Chicken Fajita Lunch Bowl
Step by Step
Ingredients
- 2 skinless chicken breasts (500 g/ 1.1 lb)
- 2 tbsp taco seasoning (15 g/ 0.5 oz)
- 3 tbsp extra virgin avocado oil or ghee (30 ml)
- 1 each medium red, yellow and green peppers (120 g/ 4.2 oz each, 360 g/ 12.7 oz total)
- 1/2 small red onion (30 g/ 1.1 oz)
- 1 large avocado (200 g/ 7.1 oz)
- 4 cups baby spinach leaves (120 g/ 4.2 oz)
- 1 cup sour cream (240 ml/ 8 fl oz)
- 4 sprigs fresh cilantro
- 4 tbsp extra virgin olive oil to drizzle (60 ml)
Instructions
- Prepare all the ingredients. Mix the taco seasoning spices if you are making your own.

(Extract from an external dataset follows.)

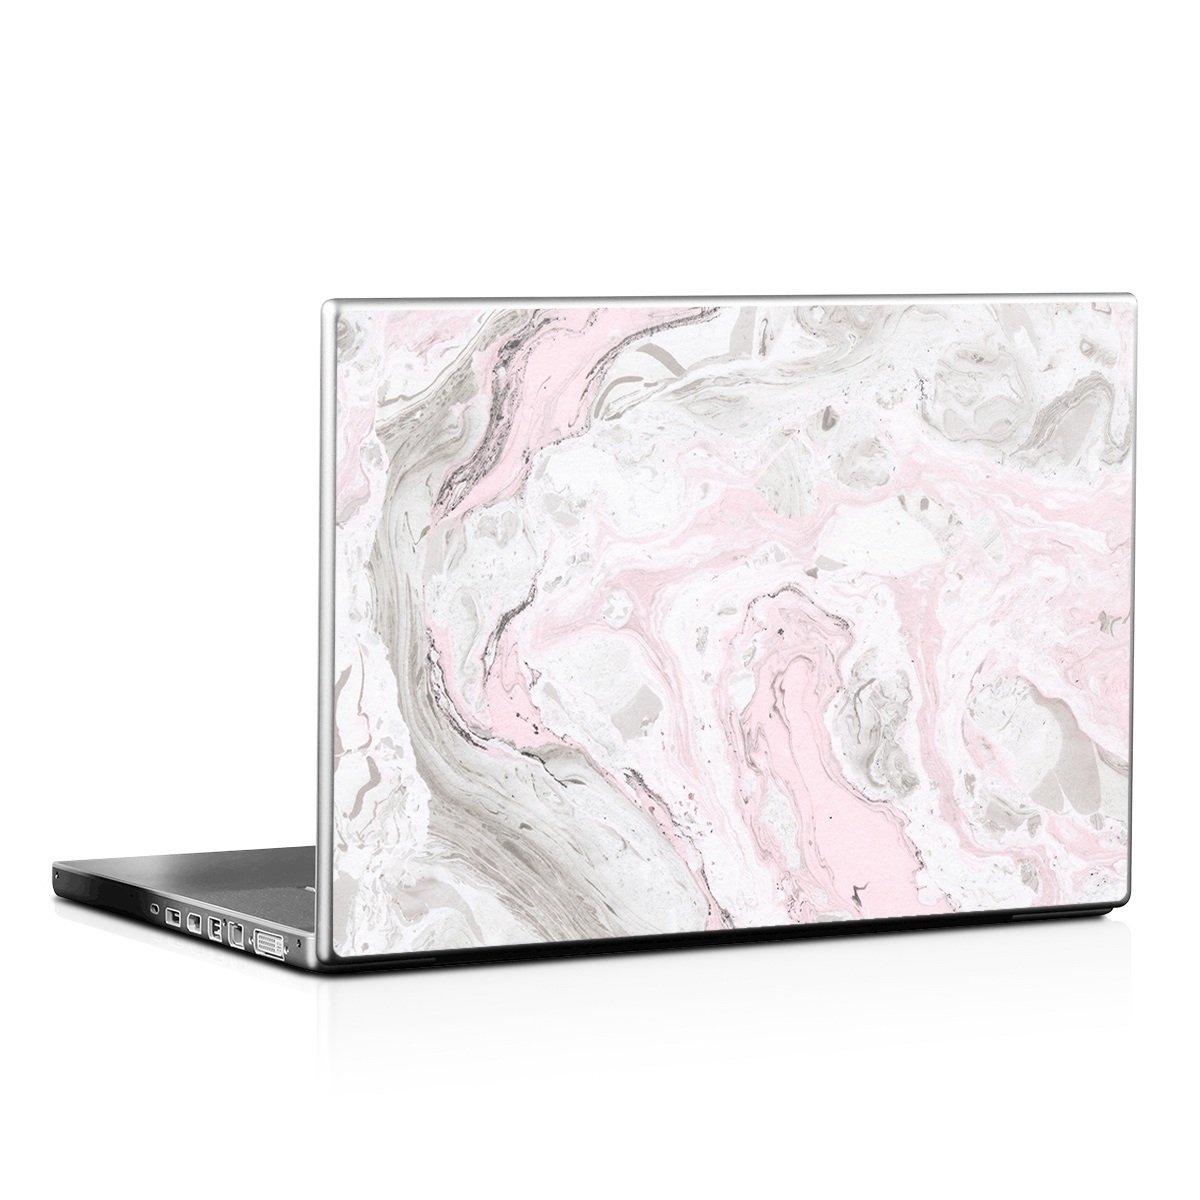 Laptop Skin - Rosa Marble (Image 1)

- Lay the chicken breasts out on a sheet of baking paper, drizzle them with 1 tbsp avocado oil and then sprinkle them with 1 tablespoon of seasoned rub per each side.
- Massage the rub into the chicken and then cook it over high heat on a BBQ or grill plate until seared and caramelised on the outside, lower the heat and finish cooking until the juices run clear.
- Remove and cover loosely with foil to rest while you finish preparing the roasted vegetables.
- Peel and cut the onion into wedges, separate the layers. Core and seed the peppers and cut into chunky strips.
- Heat 2 tablespoons of avocado oil in a large frying pan and cook the peppers and red onions until softened and slightly charred.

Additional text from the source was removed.